The FWC granted the authorisation as against three out of the four employers and carefully considered the tests to be applied in determining whether the relevant employers have clearly identifiable common interests and the operations and business activities of each of the employers are reasonably comparable after considering a lot of evidence put on by the relevant employers about the nature of their operations, activities, commercial interests and employment and industrial arrangements.
The employer which escaped inclusion in the authorisation was able to satisfy the FWC that their operations and business activities were not comparable to the other employers and that there were not identifiable common interests. The matters of significance included that unlike the other relevant employers, the employer operated as a sole supplier to a single power station customer and was not competing in export markets to sell their coal and did not generate a profit or commercial gain from their operations.

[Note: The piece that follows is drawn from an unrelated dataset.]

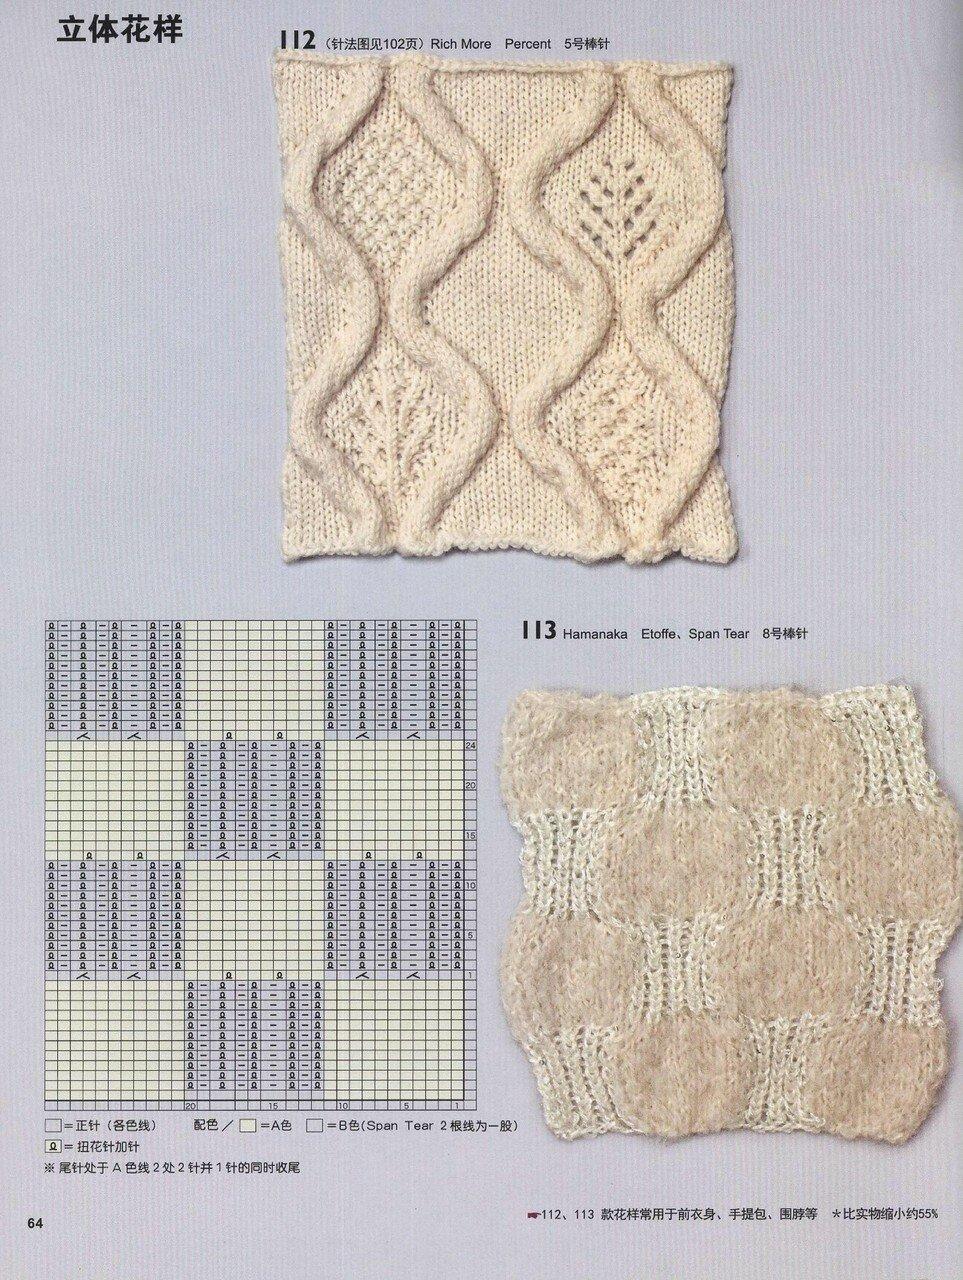 150 Knitting_66.jpg

Again, the union movement picked its target to explore the breadth of the single interest employer bargaining stream carefully – a unionised workforce, operating in the same geographic location (New South Wales), largely operating same business (a coal mine). The decision is on appeal to the Federal Court.
Implications for employers – single interest employer bargaining stream
Employers should consider the implications of this case for their IR strategy and look out for the results of the appeal. Employers may need to reassess the risk of being caught up in a single interest employer authorisation.

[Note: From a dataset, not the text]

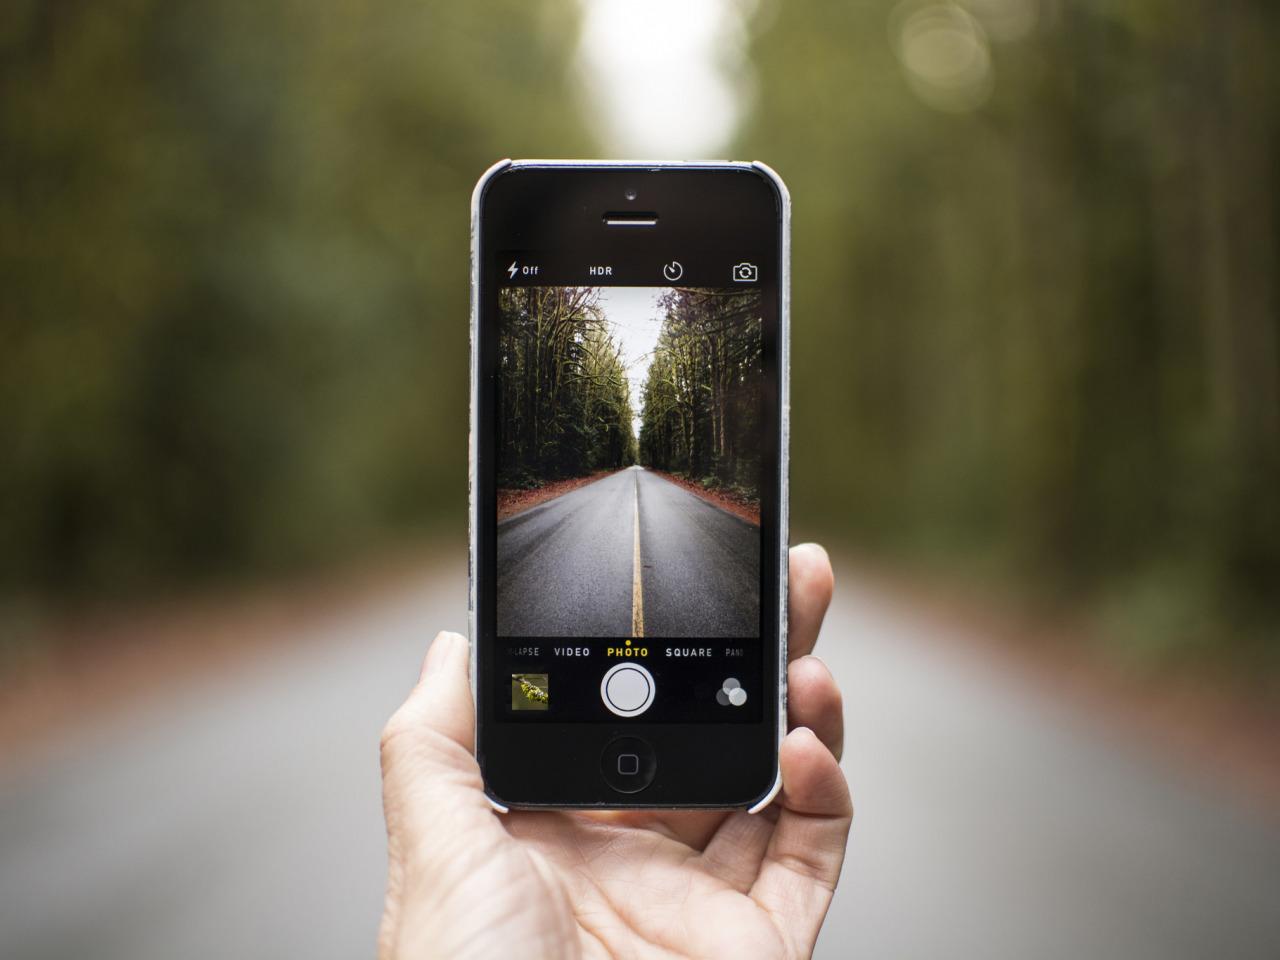 на айфон чтобы фото двигалось хочется

If an employer does not have in place an existing enterprise agreement within nominal term, is not actively bargaining for an enterprise agreement, is in a sector where the union is active and where their business is similar to that of other employers in the sector, they may be vulnerable to being caught up in a single interest employer authorisation.
These employers have at least the added protection of the union needing to establish that a majority of their employees support bargaining for the multi-employer enterprise agreement which is not the case under the supported bargaining stream. Employers will have an opportunity to work with their employees directly to put a case as to why a multi-employer enterprise agreement may not be in their best interests and why they should not support the obtaining of a single interest employer authorisation.
Furthermore, if the Government is returned after the upcoming Federal election (due before May 2025), further amendments to the FW Act may be on the cards to broaden the reach of single interest employer bargaining stream. A number of unions have proposed that the requirement for a majority of employees of each of the relevant employers to support bargaining for a multi-employer enterprise agreement be removed, giving unions easier access to this stream of enterprise bargaining. Keep an eye out for that!
Footnotes
- B2024/992 – Application by the SDA for a supported bargaining authorisation.
- Association of Professional Engineers, Scientists and Managers, Australia v. Great Southern Energy Pty Ltd and Ors [2024] FWCFB 253.